[PATCH 3/6] irqchip: gic: use writel instead of dsb + writel_relaxed

Thu Feb 6 10:20:48 EST 2014

On Thu, Feb 06, 2014 at 01:26:44PM +0000, Will Deacon wrote:
> On Thu, Feb 06, 2014 at 12:23:40PM +0000, Catalin Marinas wrote:
> > On Thu, Feb 06, 2014 at 12:13:50PM +0000, Will Deacon wrote:
> > > Ok, so if we assume that a dsb(ishst) is sufficient because the CPU we're
> > > talking to is either (a) coherent in the inner-shareable domain or (b)
> > > incoherent, and we flushed everything to PoC, then why wouldn't a dmb(ishst)
> > > work?
> > 
> > Because you want to guarantee the ordering between a store to Normal
> > Cacheable memory vs store to Device for the IPI (see the mailbox example
> > in the Barrier Litmus section ;)). The second is just a slave access, DMB
> > guarantees observability from the master access perspective.
> 
> Ok, my reasoning is as follows:
> 
>   - CPU0 tries to message CPU1. It writes to a location in normal memory,
>     then writes to the GICD to send the SGI
> 
>   - We need to ensure that CPU1 observes the write to normal memory before
>     the write to GICD reaches the distributor. This is *not* about end-point
>     ordering (the usual non-coherent DMA example).
> 
>   - A dmb ishst ensures that the two writes are observed in order by CPU1
>     (and, in fact, the inner-shareable domain containing CPU0).

The last bullet point is not correct. DMB would only guarantee that the
two writes (memory and GICD) are observed by CPU1 if CPU1 actually read
the GICD (observability is defined for master accesses).

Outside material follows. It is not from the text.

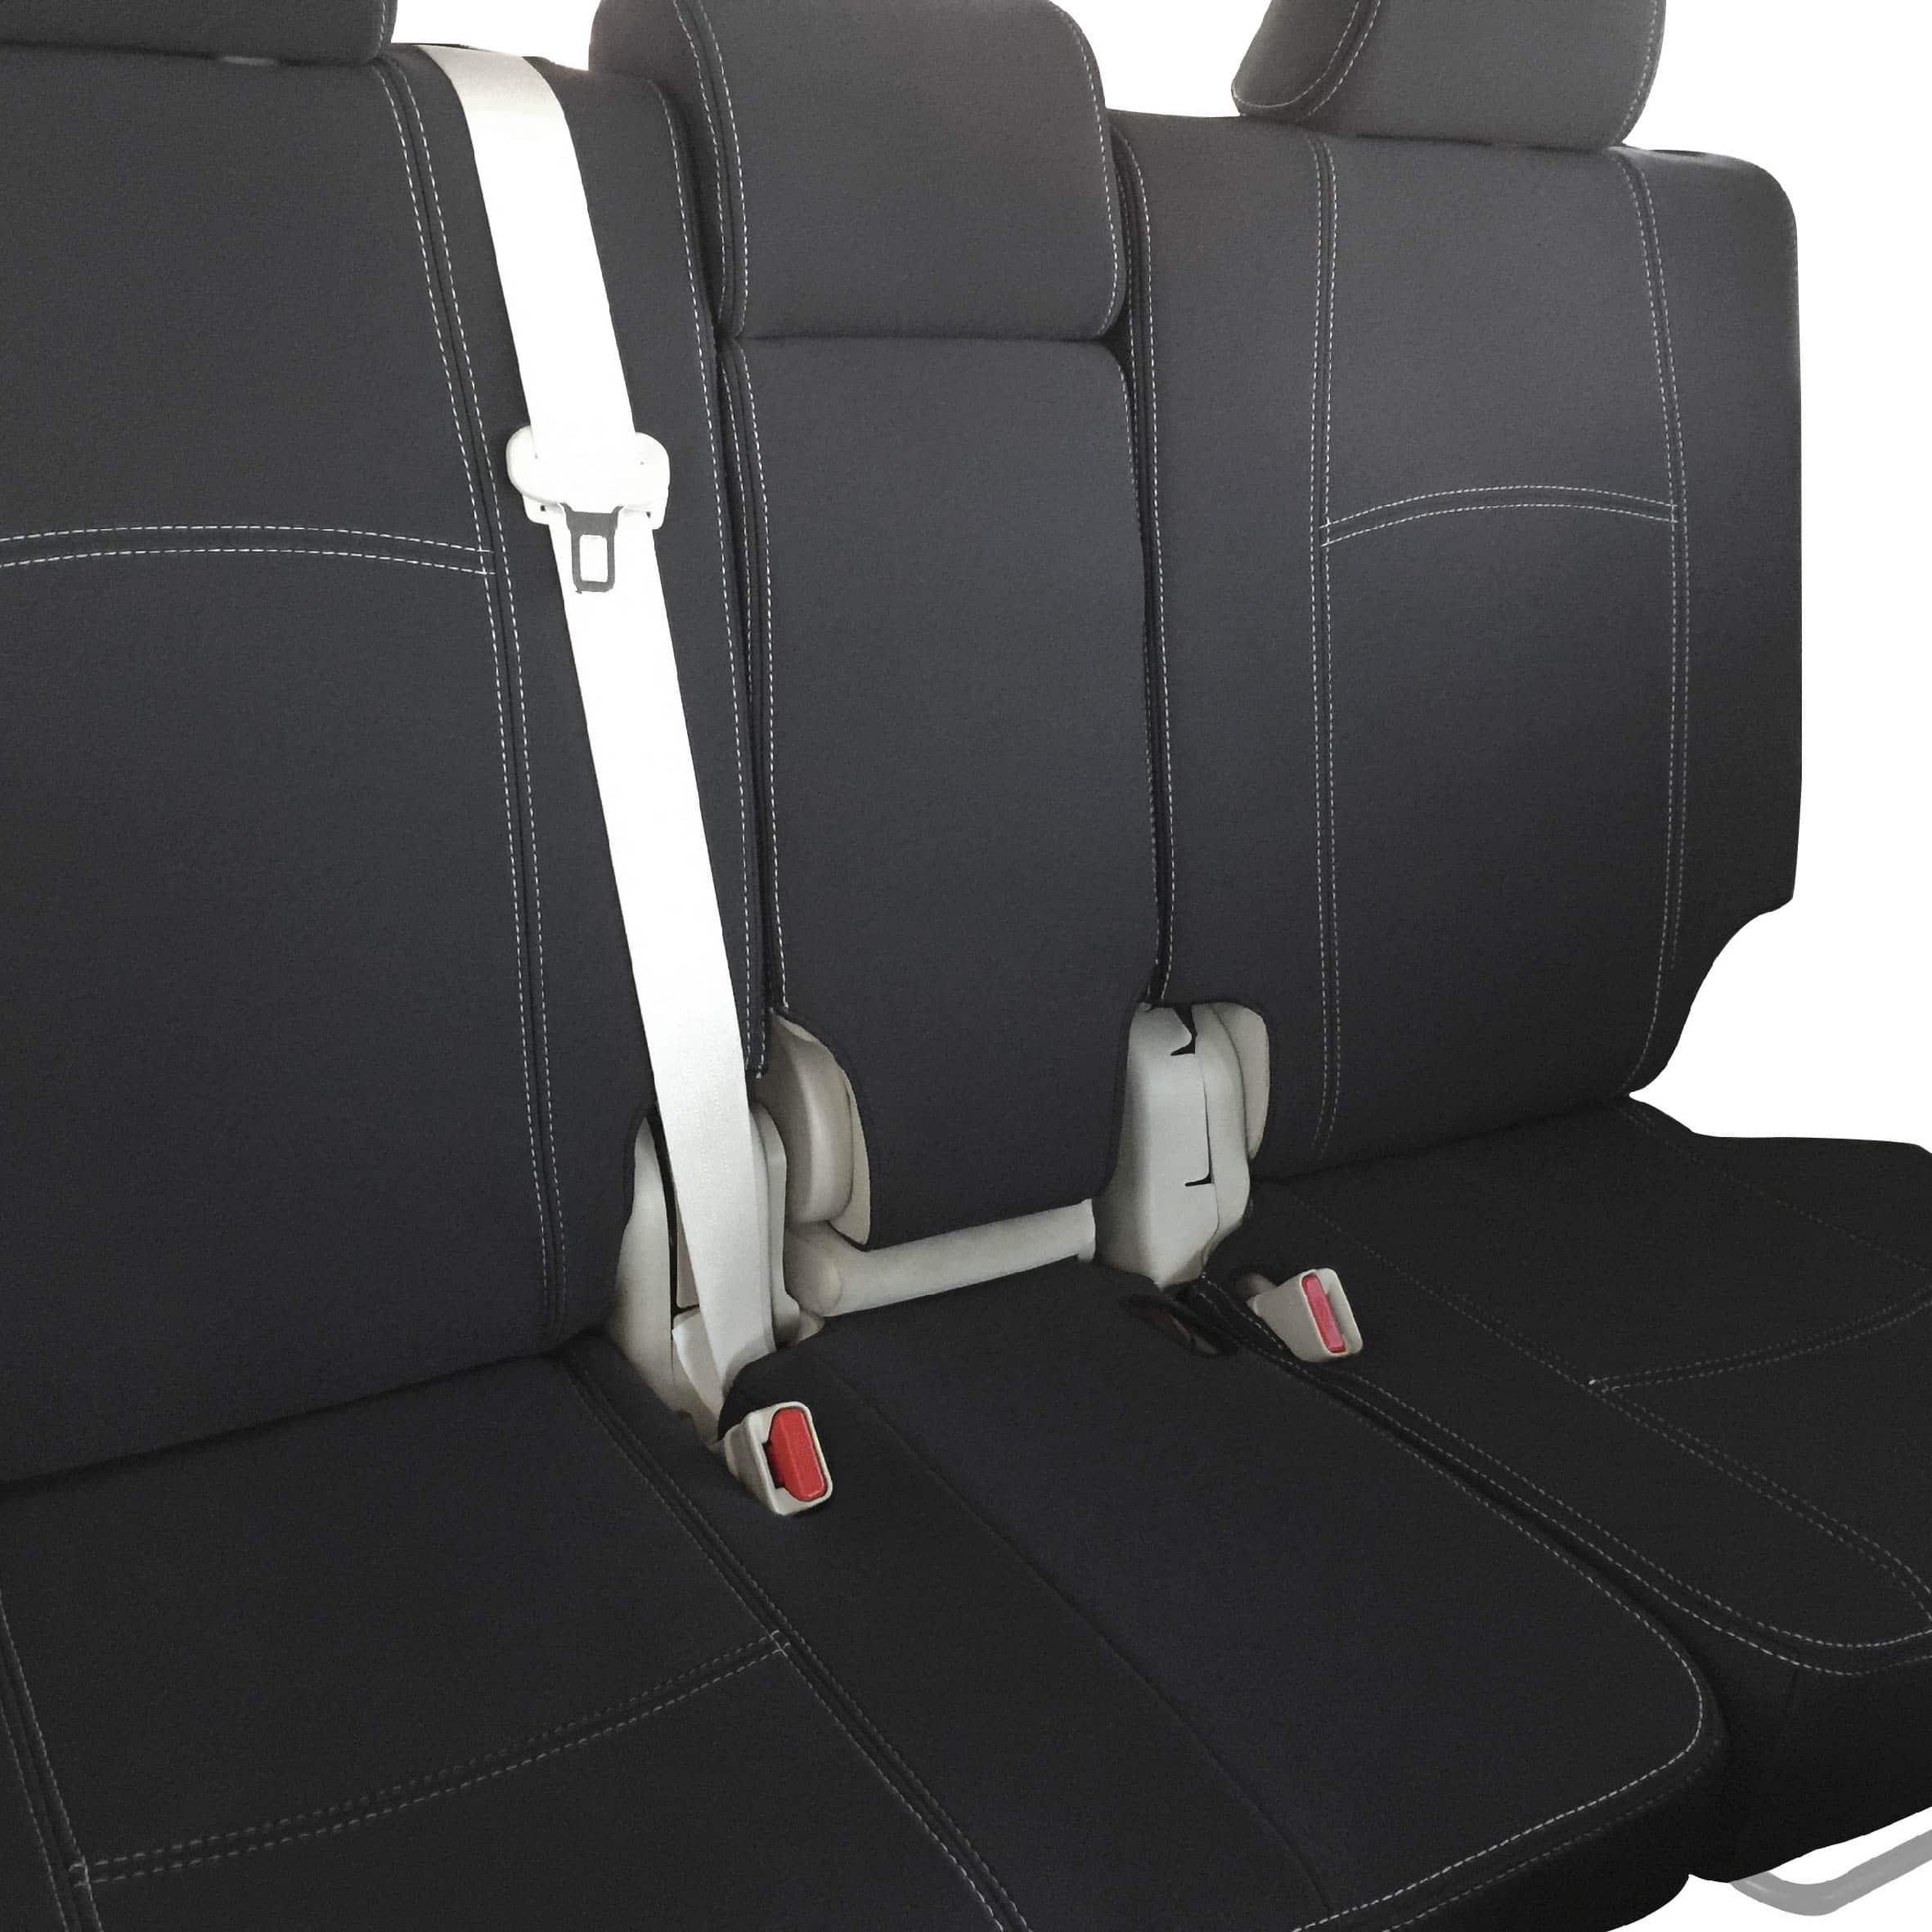 Seat Cover Fit Toyota Landcruiser 100 Series  Rear Full-back Premium Neoprene

> so the only way this can break is if the GICD write reaches the distributor
> before being observed by CPU1 (otherwise, we know the mailbox write was
> observed by CPU1). I dread to think how you would build such a beast
> (dual-ported GICD with no serialisation to the same locations?)...

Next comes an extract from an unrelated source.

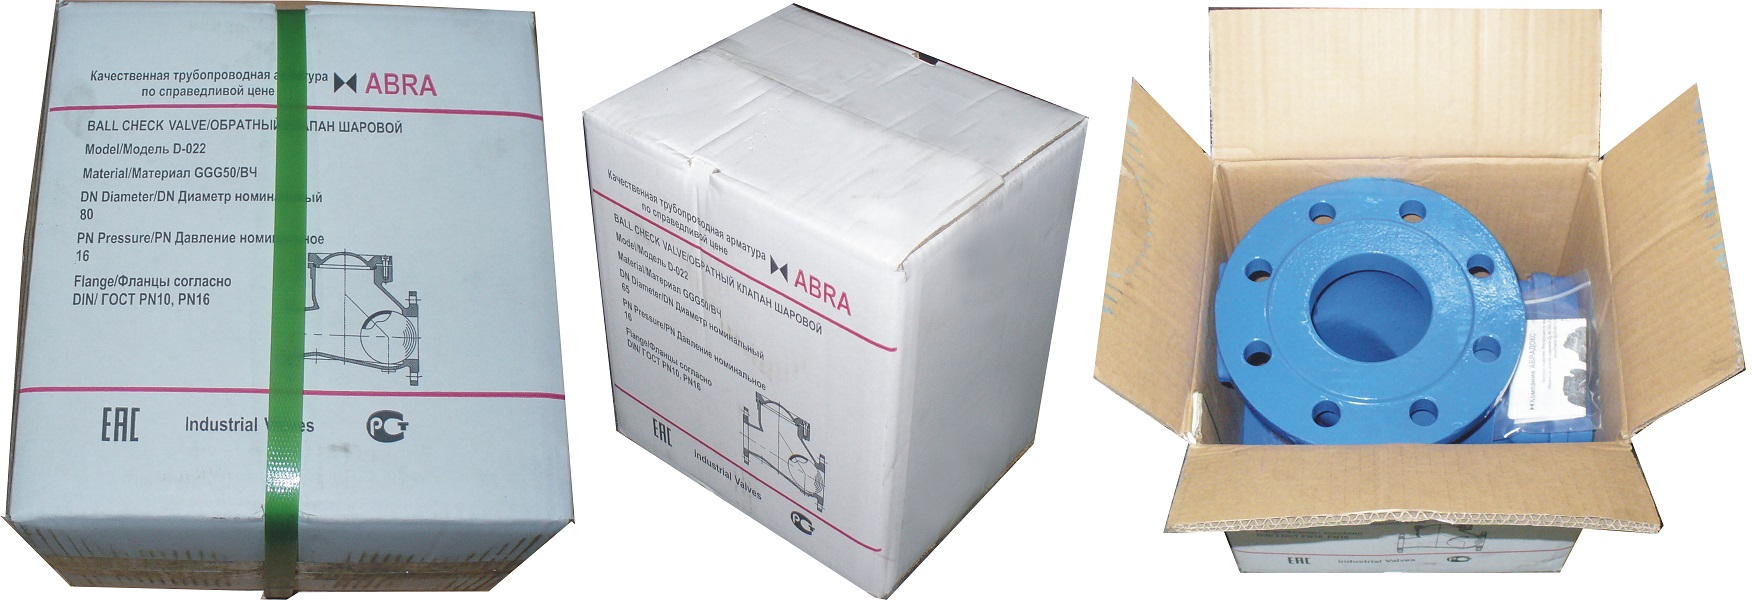 Упаковка обратных клапанов ABRA малых и средних размеров

The above is possible because the CPU1 would never "observe" the GICD
write. It observes a side-effect of that write (interrupt) which is not
covered by DMB. You could argue that CPU1 reads GICC in the interrupt
handler but I'm not sure GICC vs GICD ordering is guaranteed (and I know
of hardware where not even accesses to the same GICD are guaranteed ;)).

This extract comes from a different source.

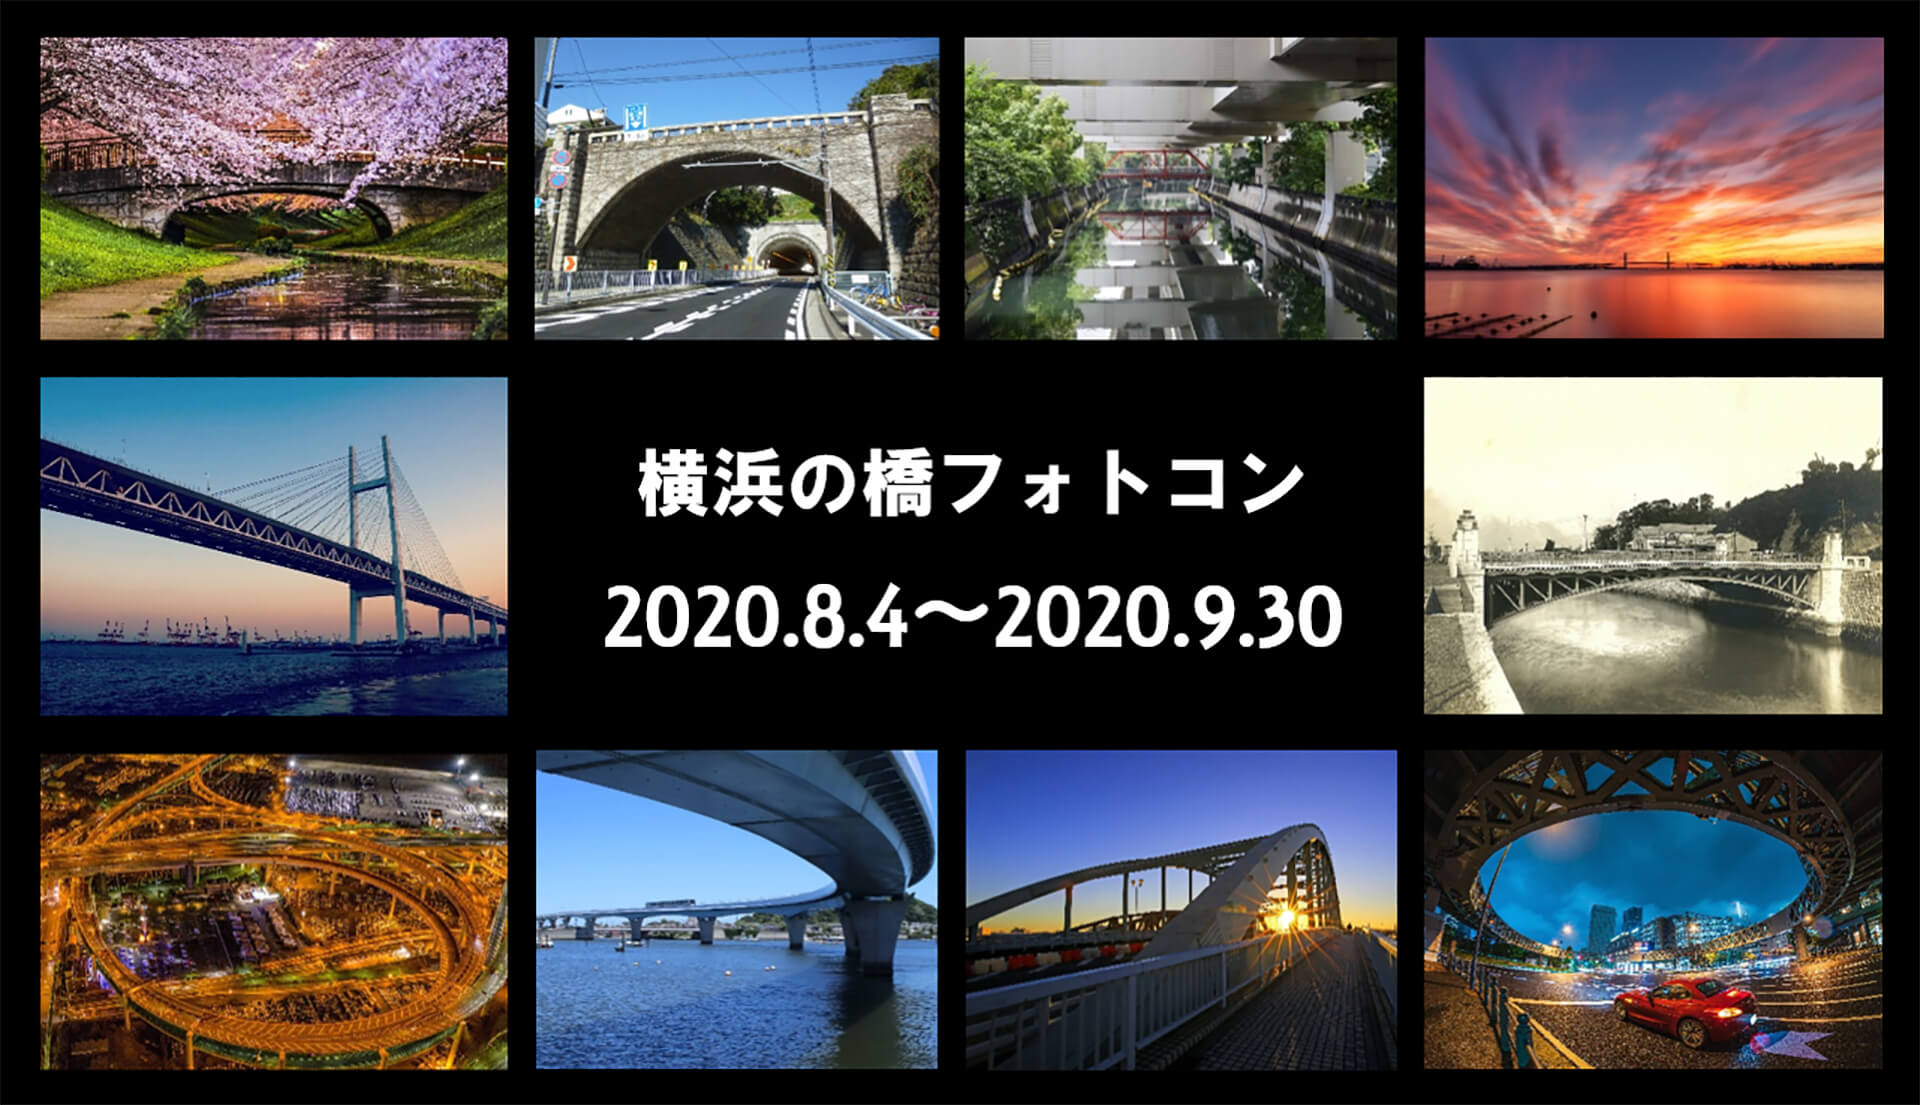 横浜の橋フォトコンテスト

> Furthermore, if we decide that device writes can reach their endpoints

Device writes are not observed according to the ARM ARM meaning of
"observability" (master accesses only; well, there is something about
Strongly Ordered memory and devices but it's not the case here and IIRC
refers to when a _device_ observes the write rather than a CPU observing
the write to that device, I need to read it again).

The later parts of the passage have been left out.